Bruce Bartlett has an interesting column at The Fiscal Times posing the question, can Obama’s manufacturing initiative really work? Some of the conclusions will be controversial at best, but it’s worth a read if only for some important history lessons. One of the key items takes a look back at a time when Japan was still the envy of the world – manufacturingwise at least – and the United States government was poking around in the then emerging technology of HDTV.
Even among Republicans there was admiration for the Japanese model. During the George H.W. Bush administration, where I worked in the Treasury Department, it had strong supporters at the Commerce and Defense departments. One of the key battlegrounds was high-definition television (HDTV), which was just in its infancy. Commerce was very keen to support American manufacturers of HD televisions and DOD agreed in order to support the American semiconductor industry. (Semiconductors are a major component of HDTV.)
The author notes that there was internal strife in the administration, with Treasury and the Council of Economic Advisers advising a hands off, free market policy. In the end they were shouted down and Washington chose to place a bet on American semiconductors. How did that work out?
Years later, one of the people at Commerce who supported subsidies for HDTV admitted to me that the technology that it wanted to support turned out to be inferior to that which ended up being the standard. It also turned out that the real money was not to be made manufacturing HDTV’s, but in producing the programming, an area where the U.S. remains dominant.

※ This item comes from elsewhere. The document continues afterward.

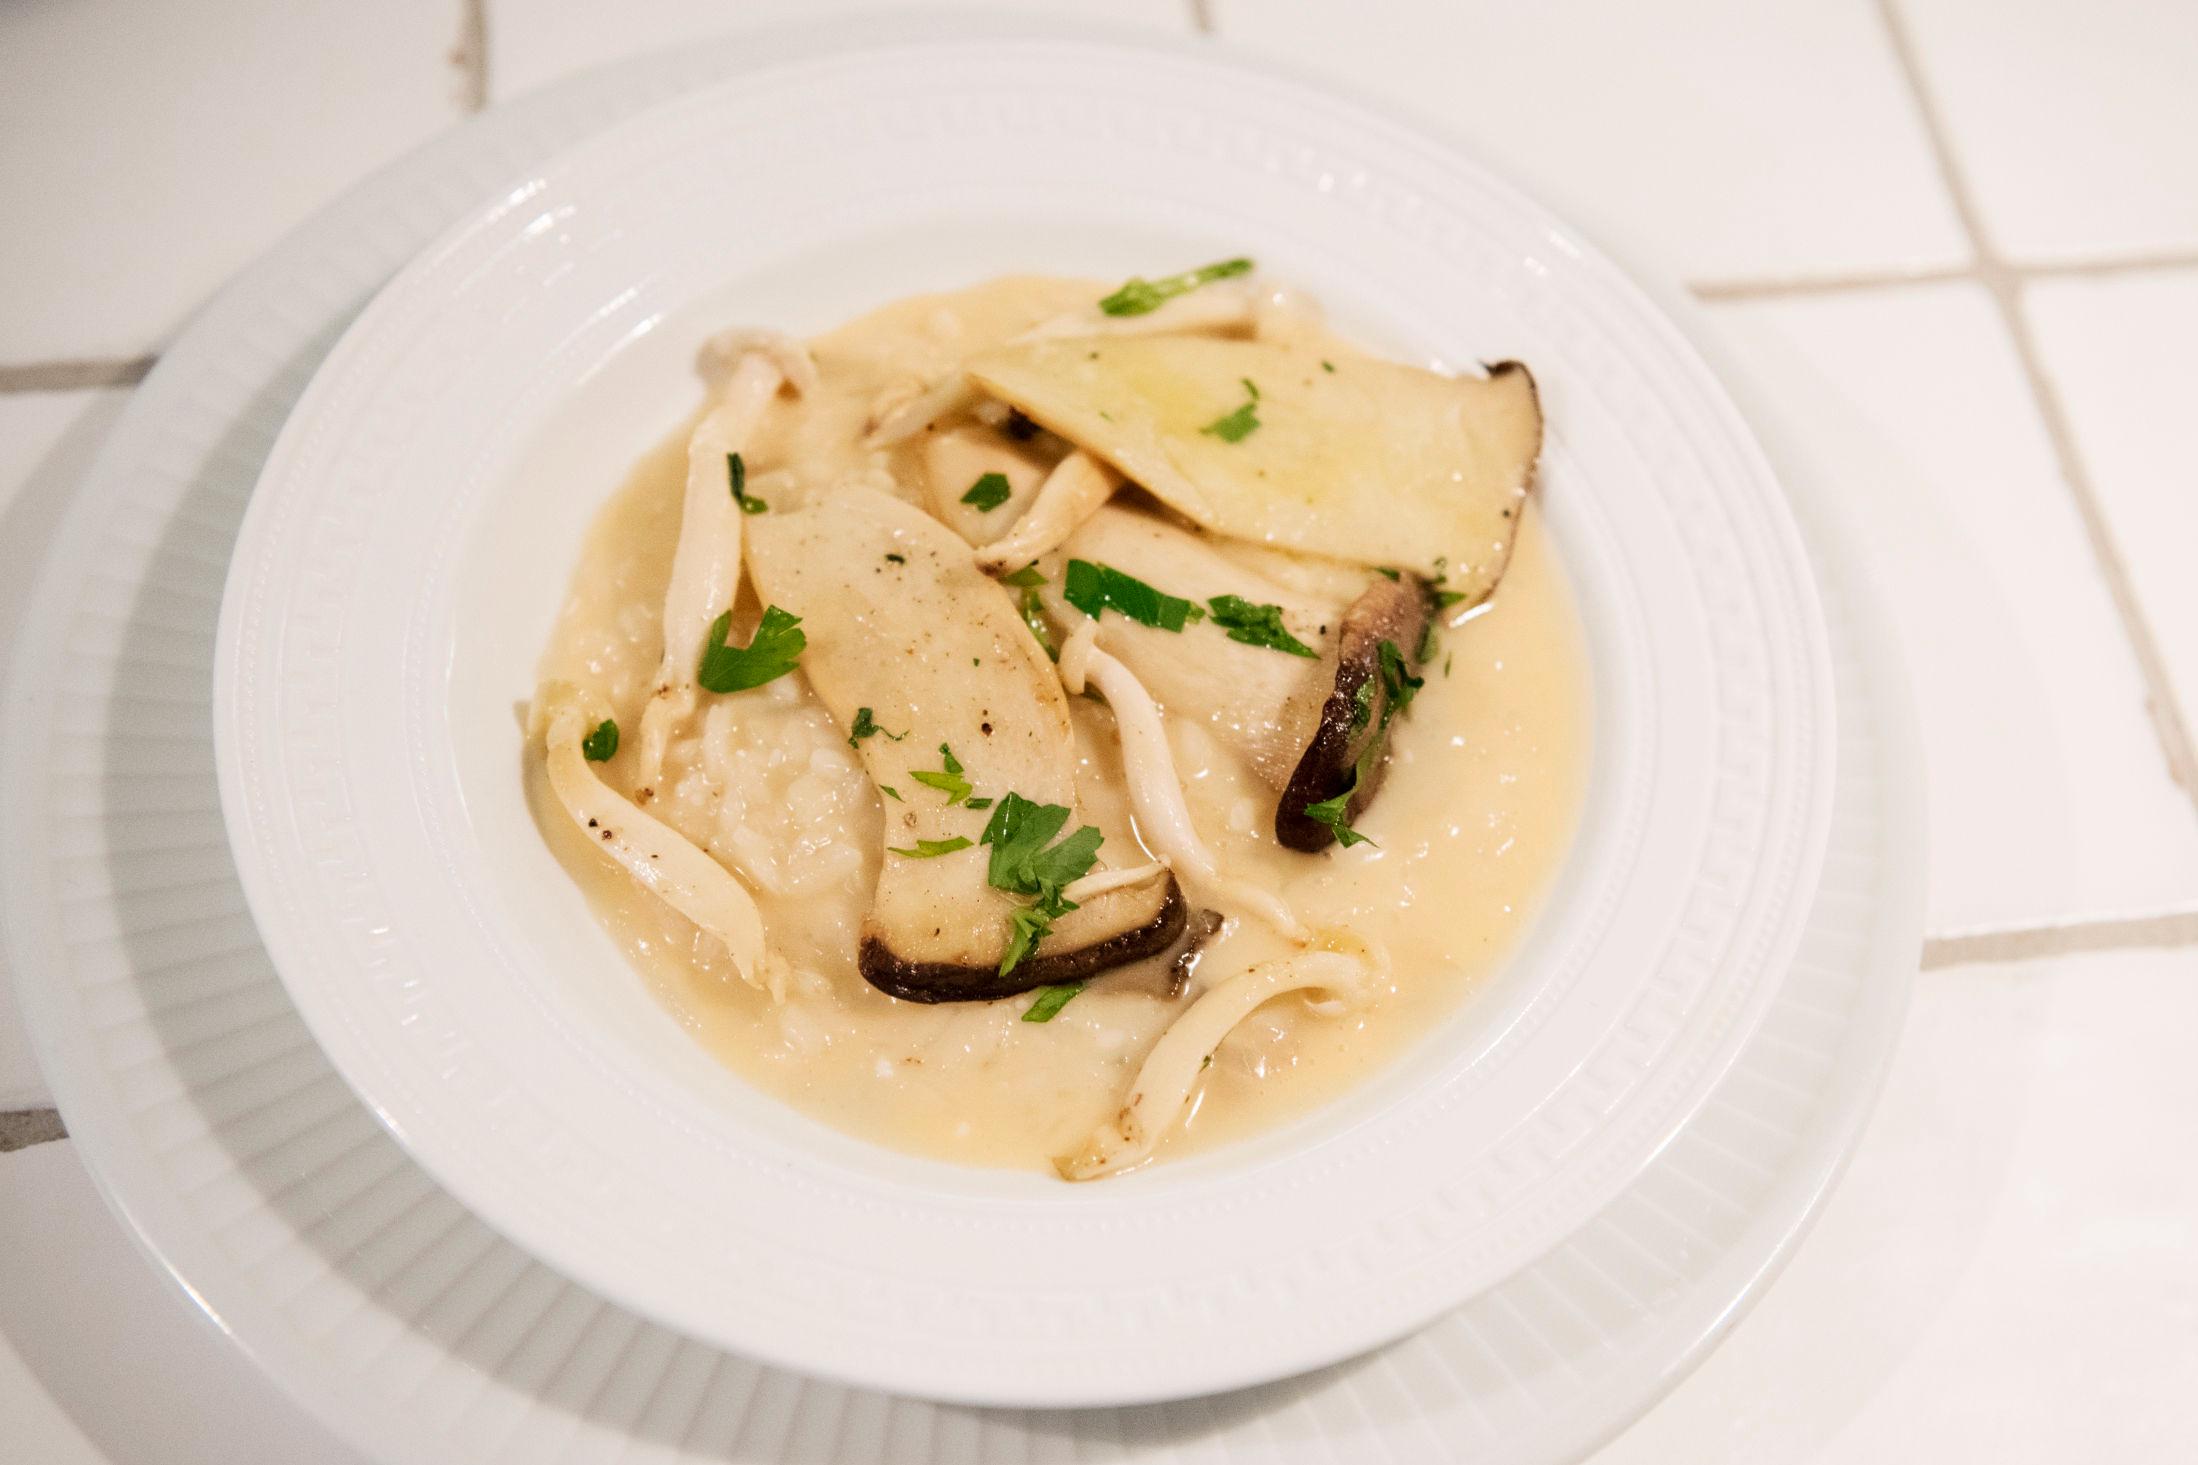 FENOMENALT: Drøm deg bort til Italia med ravioli fylt med hummer og safran. Foto: Marie von Krogh.
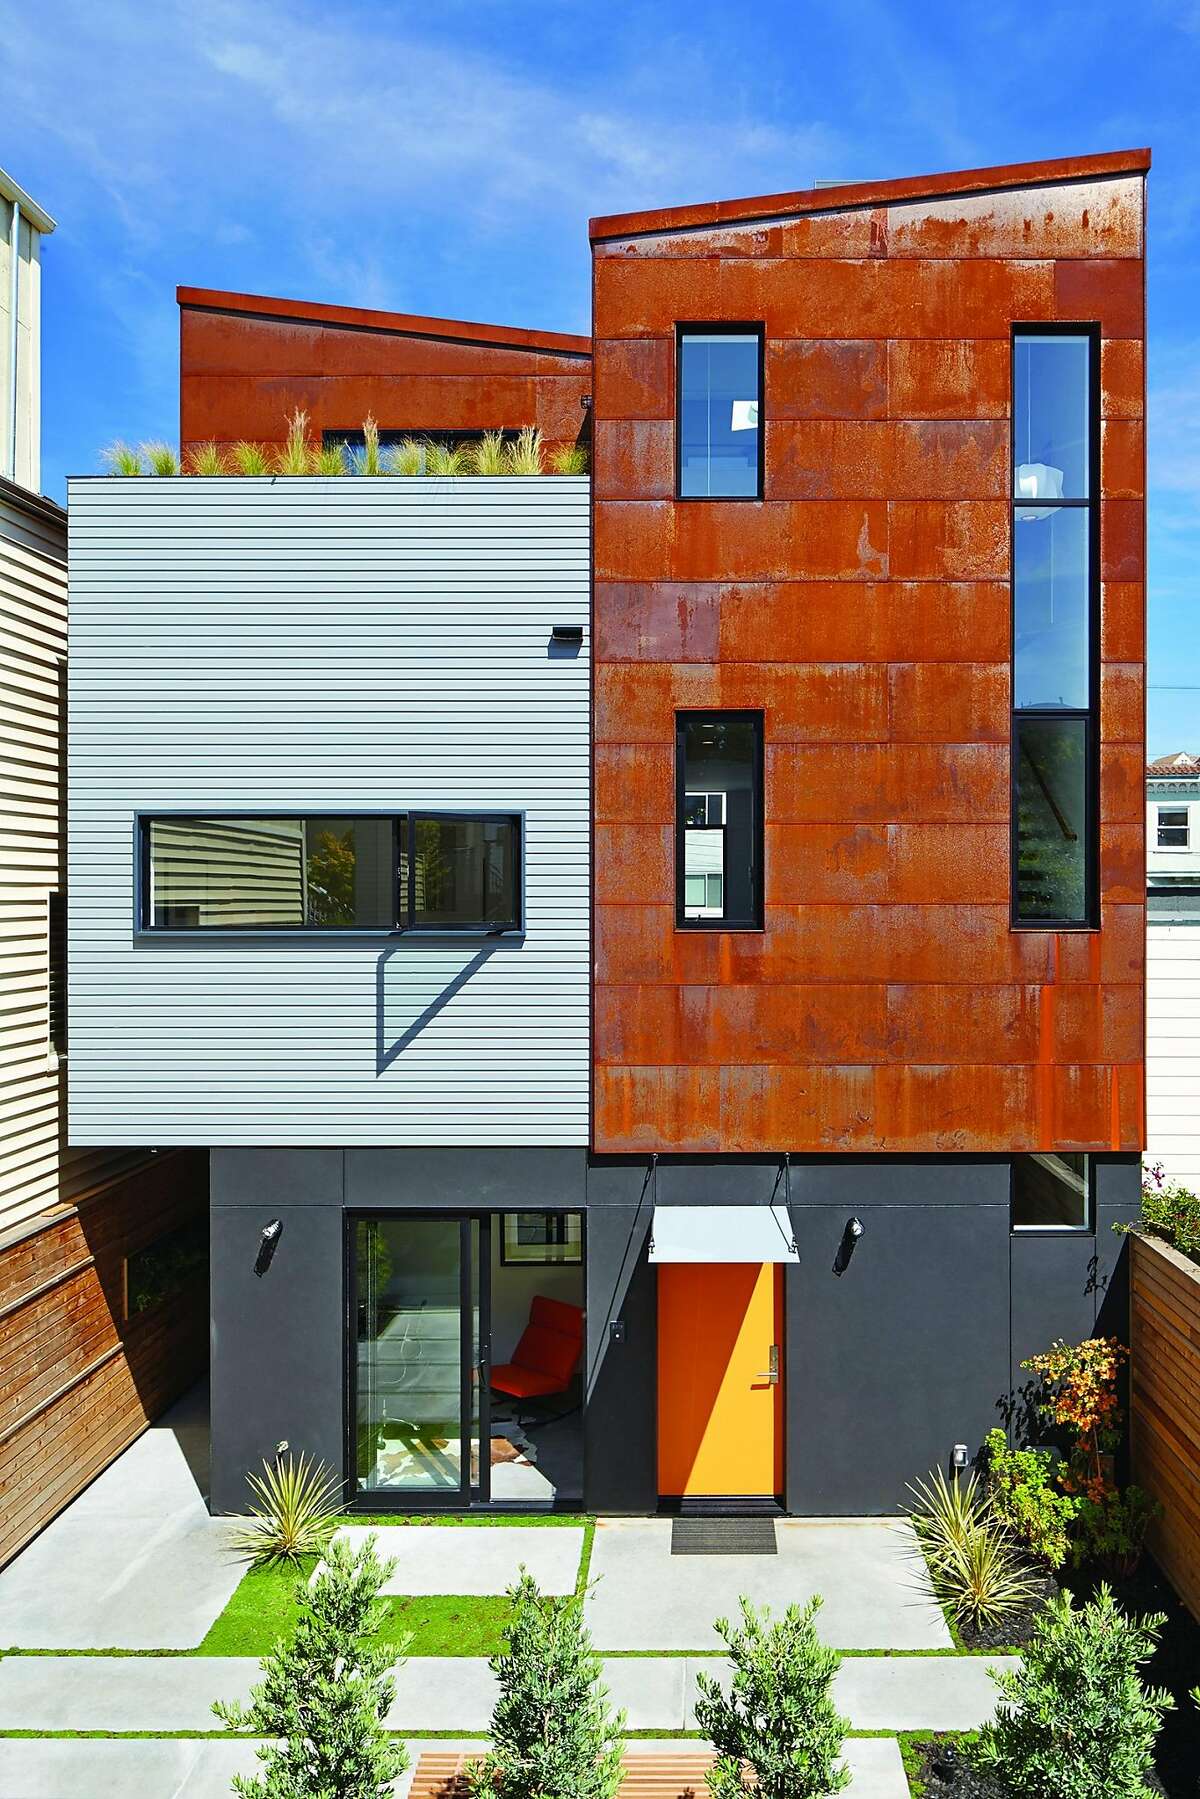 SteelHouse 1 and 2 by Zack / de Vito Architecture.

The Obama administration should, in some sense, be supported for taking an interest in seeing American manufacturing restored. But whether it’s Barack Obama or his eventual GOP challenger in office next year, we need to be wary of what kind of support is offered.
On the one hand, we could see more Solyndra style, federal nose under the tent activity trying to apply some ham handed “help” to manufacturing under Obama. One of the alternatives, offered by Rick Santorum, would see a bizarrely deformed tax code offering special preferences to manufacturing. Unfortunately, both of these ignore the lessons of the G.H.W.B administration and their experience in meddling with the free market. As the author found, a group of elected bureaucrats with little to no knowledge or experience in technology and industry are almost perfectly unsuitable to pick winners and losers. Offer a level playing field with the fewest impediments possible and the clearest path to success and prosperity, and innovation (along with the associated jobs and GDP) will follow.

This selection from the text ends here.